Als Werefkin weer begint met schilderen, experimenteert ze met de meest uiteenlopende technieken – tempera, gouache, pastel, kleurpotloden, houtskool, krijt, Oost-Indische inkt, pennen en potloden. Ze combineert ze en gebruikt pure kleuren, die daarmee van zichzelf een constructieve kracht krijgen, ze beweegt de vormen als door verborgen krachten geleid, in ritmische harmonische opeenvolgingen, dissonant, voorbij tijd en ruimte. Die spanning is te zien in het werk De storm, dat voorbij gaat aan tijd en ruimte, bruisend vanwege het terugbrengen tot het oppervlak, naïef vanwege het uit de losse pols werken en de vormen van gestileerde vrouwfiguren, suggestief vanwege de kundige keuze voor de contrasterende kleuren blauw-zwart en rood-zwart, waardoor we de tijd vergeten en diep geraakt worden, zoals die hunkerende handen die zich moedeloos vastklampen aan een laatste sprankje hoop, glorend in de verte bij het licht van een vuurtoren, als voorbode van onheil. Zo zien we in het werk Thuiskomen, door middel van een handig omgekeerd perspectief waarbij de achtergrond zich aftekent tegen de tweedimensionale voorgrond, een rij vrouwen in zwarte jurken zwijgend lopen, elk bezwaard door een existentiële last die alle persoonlijke kenmerken uitwist, onder een schaars licht, namelijk dat van de ‘waarheid’, dat een schreeuw om gerechtigheid lijkt op te roepen.
Werefkin’s vroegste potlood- en kleurpotloodschetsen laten al de invloed van de mystieke en theosofische stromingen van die tijd zien. Ze refereert aan de kunst van haar Franse impressionistische en neo-impressionistische collega’s, en transformeert hun stadsgezichten en café- en theatertaferelen, in gebeurtenissen die zijn losgemaakt van tijd en ruimte, waar wezens en dingen als het ware vast zitten, vervreemd van elkaar, zonder met elkaar te kunnen communiceren.

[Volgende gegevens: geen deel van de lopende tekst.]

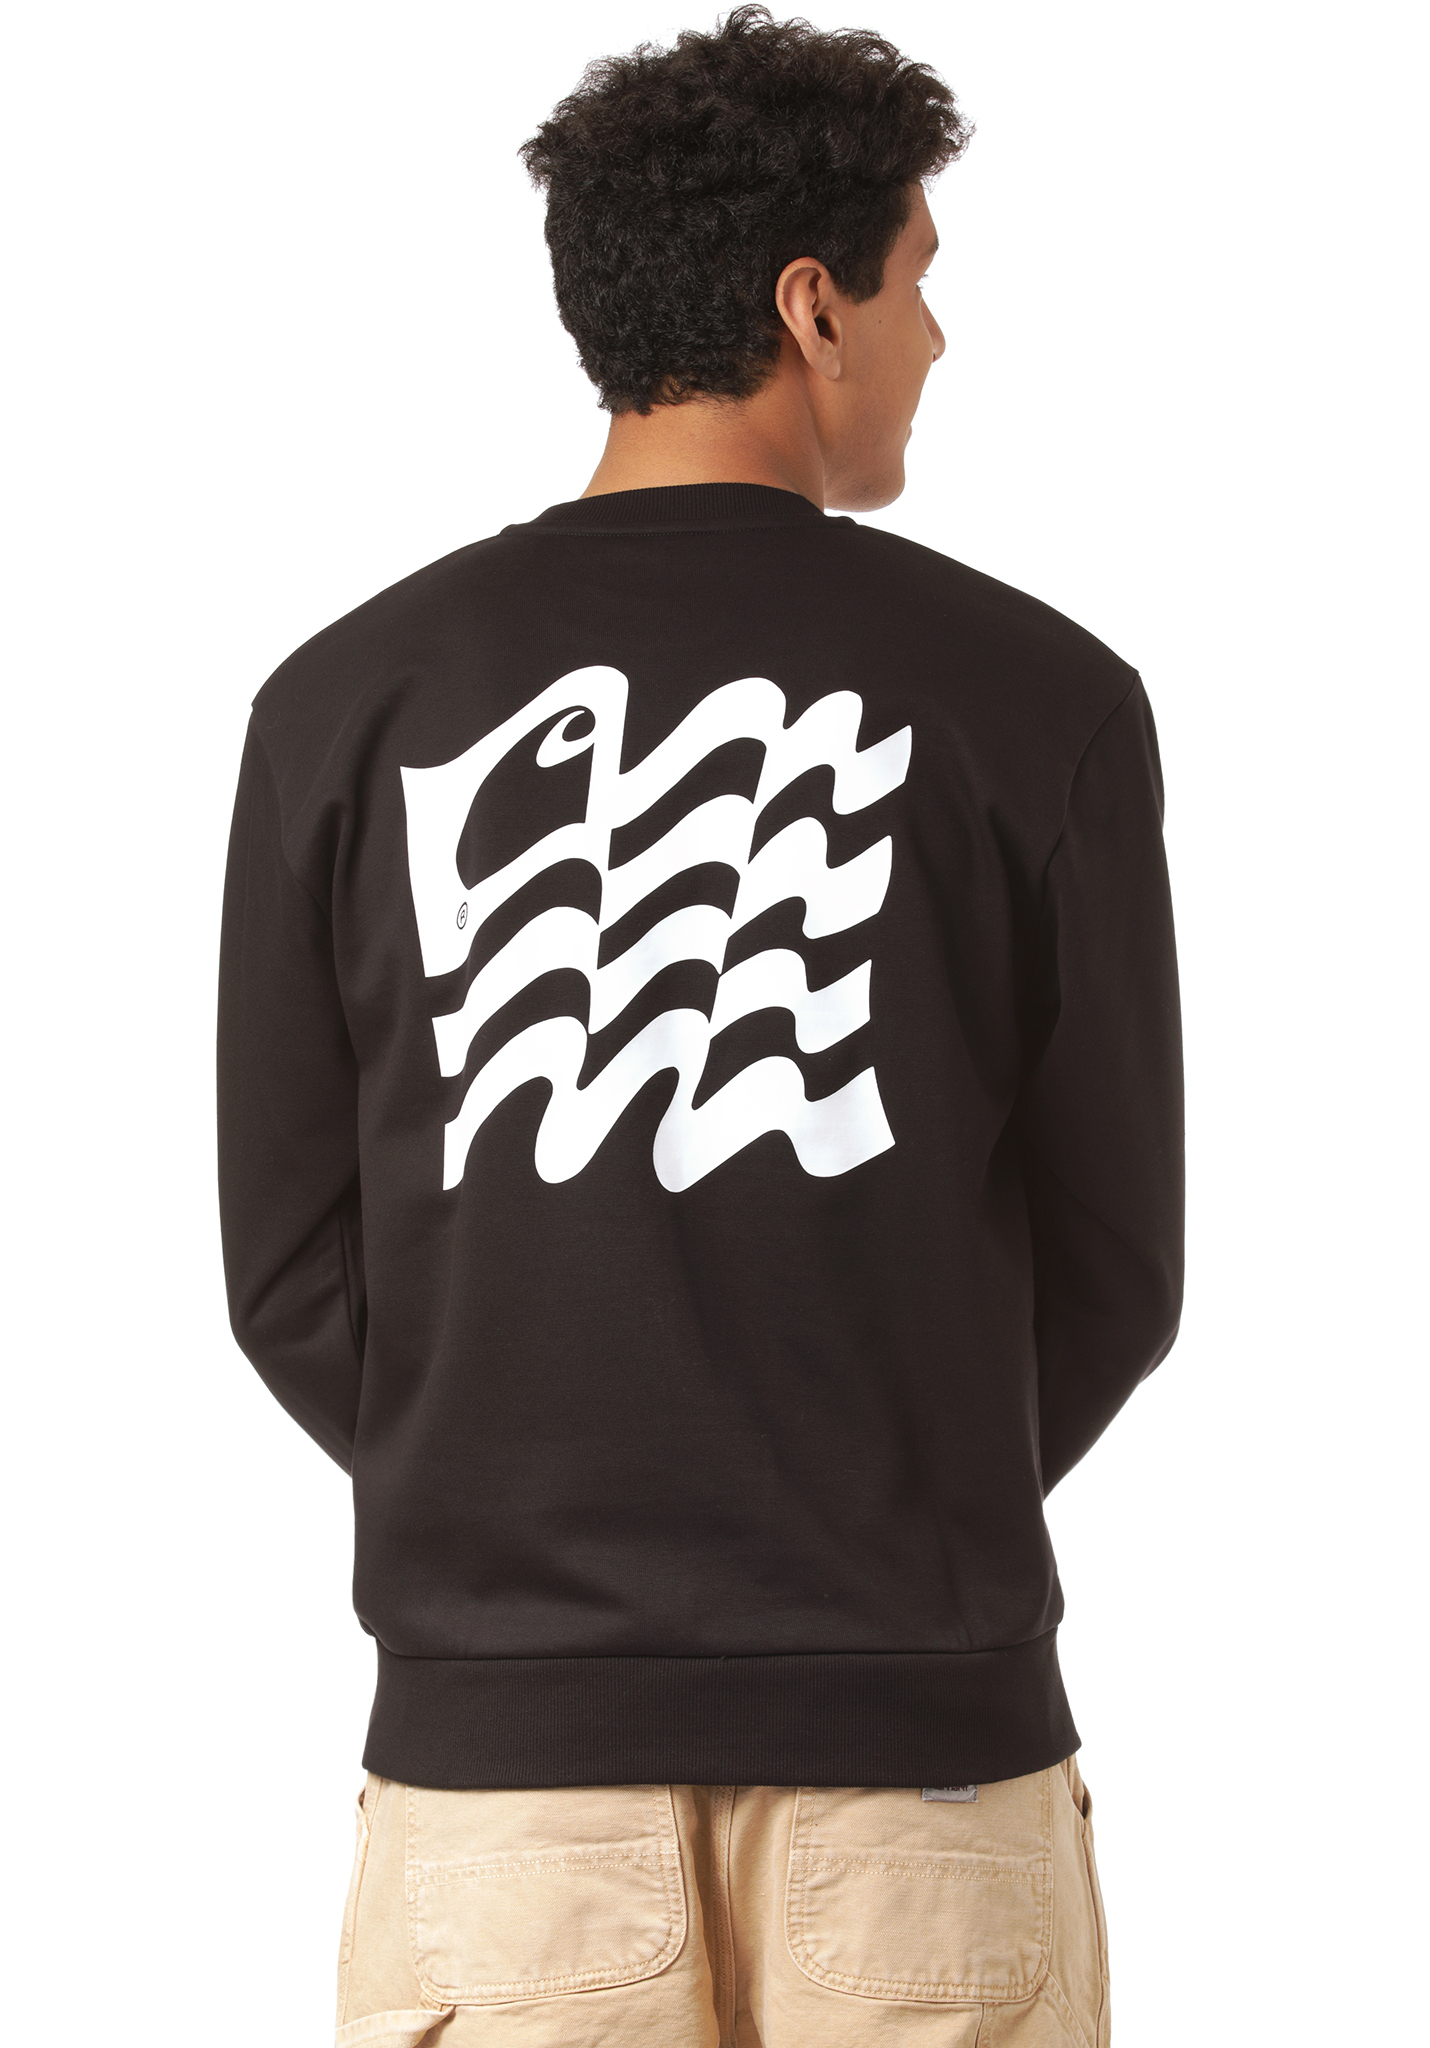 Carhartt WIP Wavy State Sweatshirt schwarz / weiß L

Bij de kunstenaar Edvard Munch (Ådalsbruk, NO, 1863-1944, Oslo, NO) vindt Werefkin veel herkenning. Ze benadert hem zowel in het gebruik van symbolische en onvermengde kleuren en in de vloeiende en levendige penseelstreken, als in de structurele benadering en met haar iconografische verwijzingen. Een voorbeeld is het werk De vrouw met de lantaarn. In dit schilderij, dat een besneeuwd berglandschap in de buurt van Trakai in Litouwen voorstelt, is alles een siddering van dieperliggende krachten, waarin het silhouet van een vrouw rechts op de voorgrond als een zware existentiële waarheid lijkt uit te dijen tot in de uitgestrektheid van een heuvel zonder hemel. Er is niet zozeer sprake van een persoonlijk drama als wel van de belichaming van een kosmisch gevoel van pijn, dat voortkomt uit het uitzichtloze lot van deze varkensboerin: alles gaat op in de besloten tuin (hortus conclusus) die haar omsluit. Deze pijn, zoals in De Schreeuw (1893) van Munch, is een schreeuw die afkomstig is uit de natuur, als ware het een daverende bron waarmee de kunstenaar zich identificeert en waarin je de pijn van het zinloze leven terugziet, en zo iets universeels en symbolisch wordt. Het is een pessimistische kijk op het leven, tekenend voor de Russische symbolistische wortels van Werefkin.